==== DATASET SECTION ====
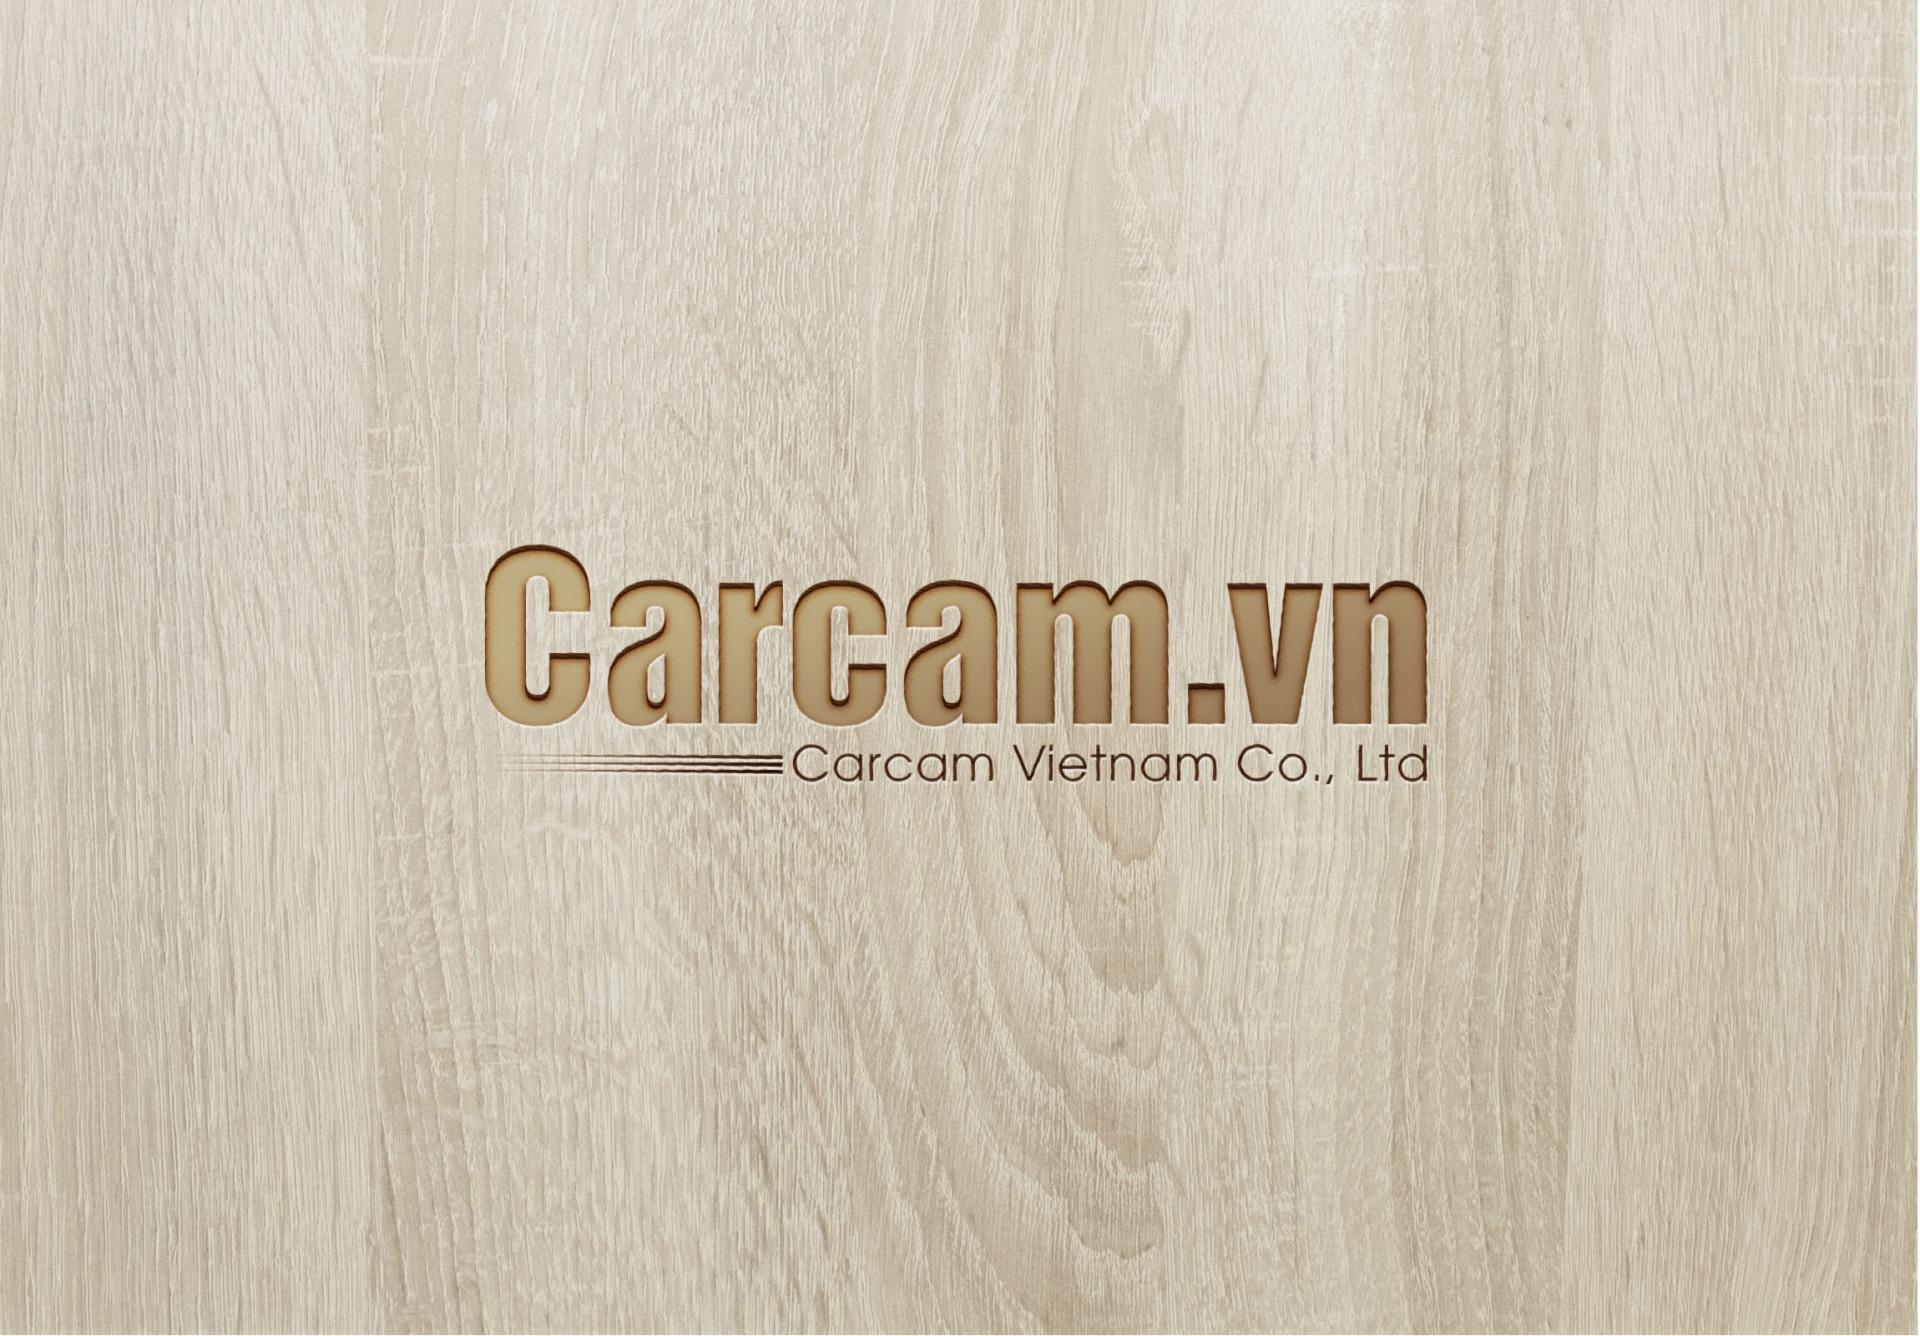 logo Carcam Vietnam
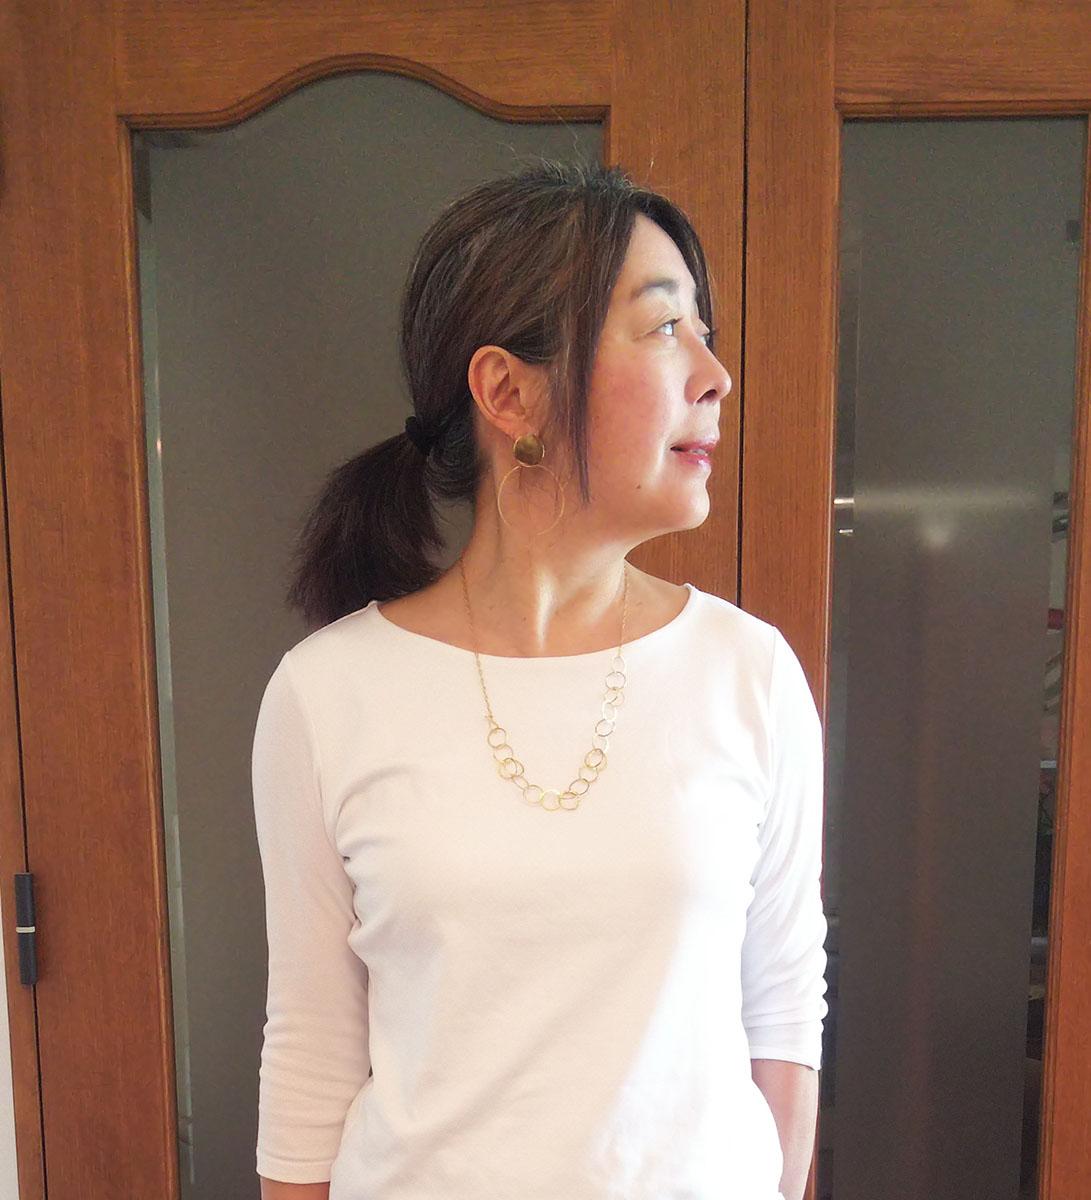 Mirisa/Link Change ネックレス
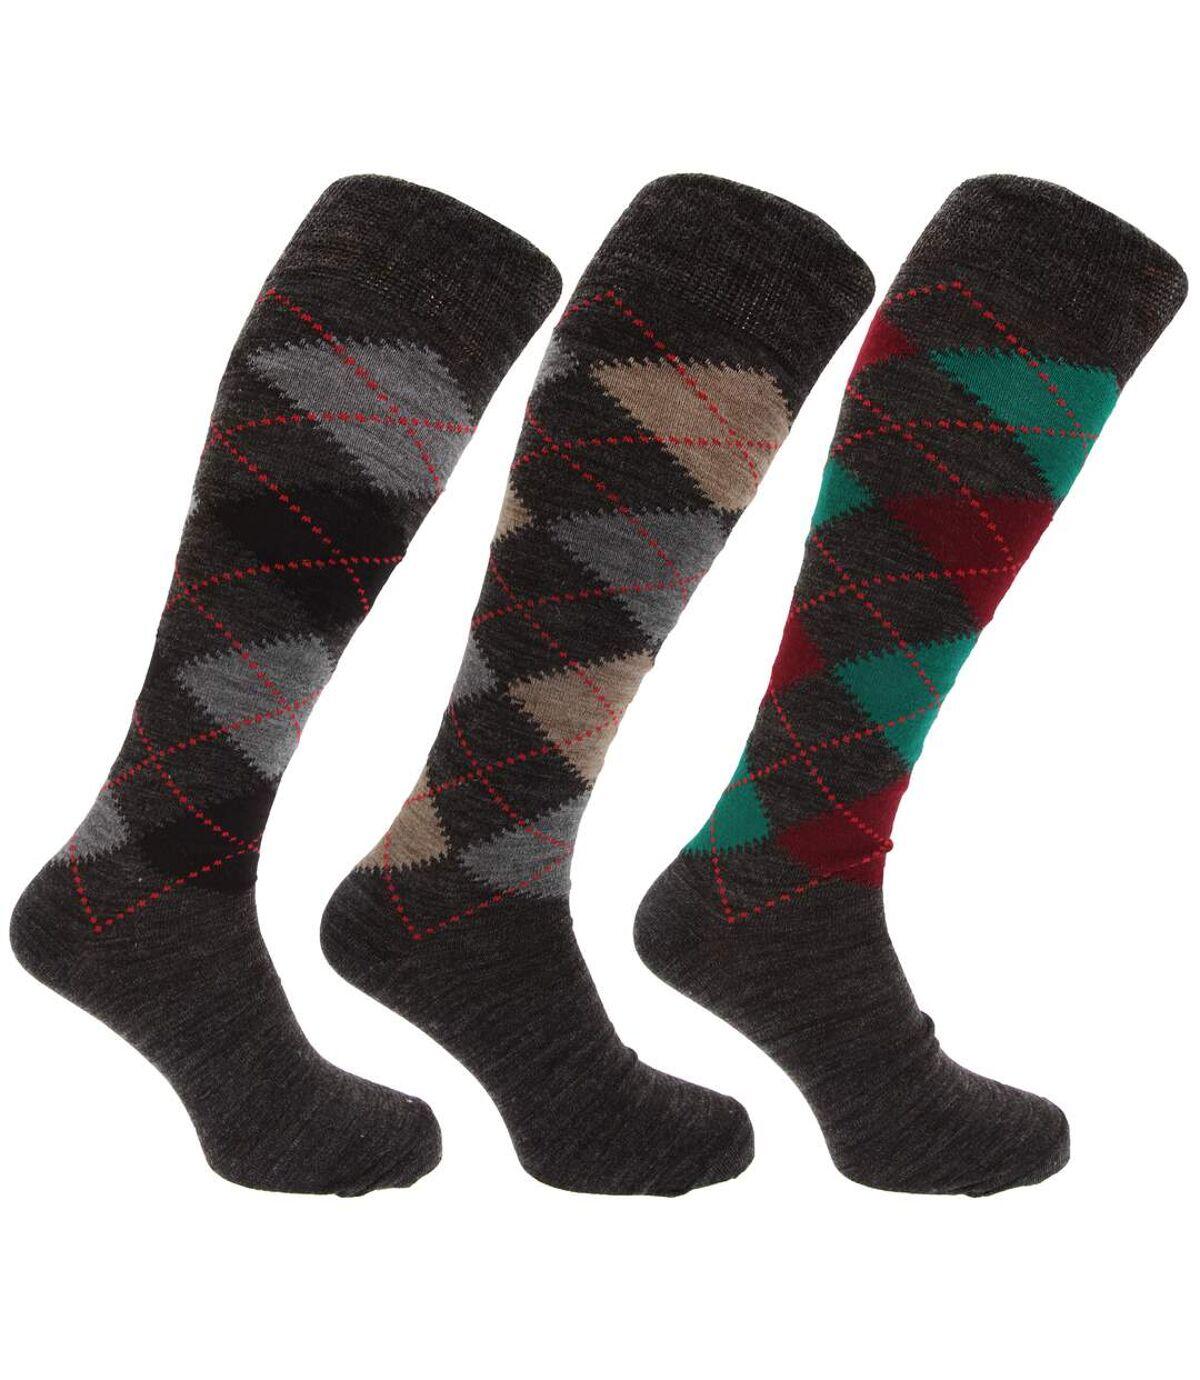 Mens Traditional Argyle Pattern Long Length Lambs Wool Blend Socks (Pack Of 3) (Shades of Grey) - UTMB277
====
If the listing above includes images, copy every line of it exactly except those images.

 logo Carcam Vietnam
 Mirisa/Link Change ネックレス
 Mens Traditional Argyle Pattern Long Length Lambs Wool Blend Socks (Pack Of 3) (Shades of Grey) - UTMB277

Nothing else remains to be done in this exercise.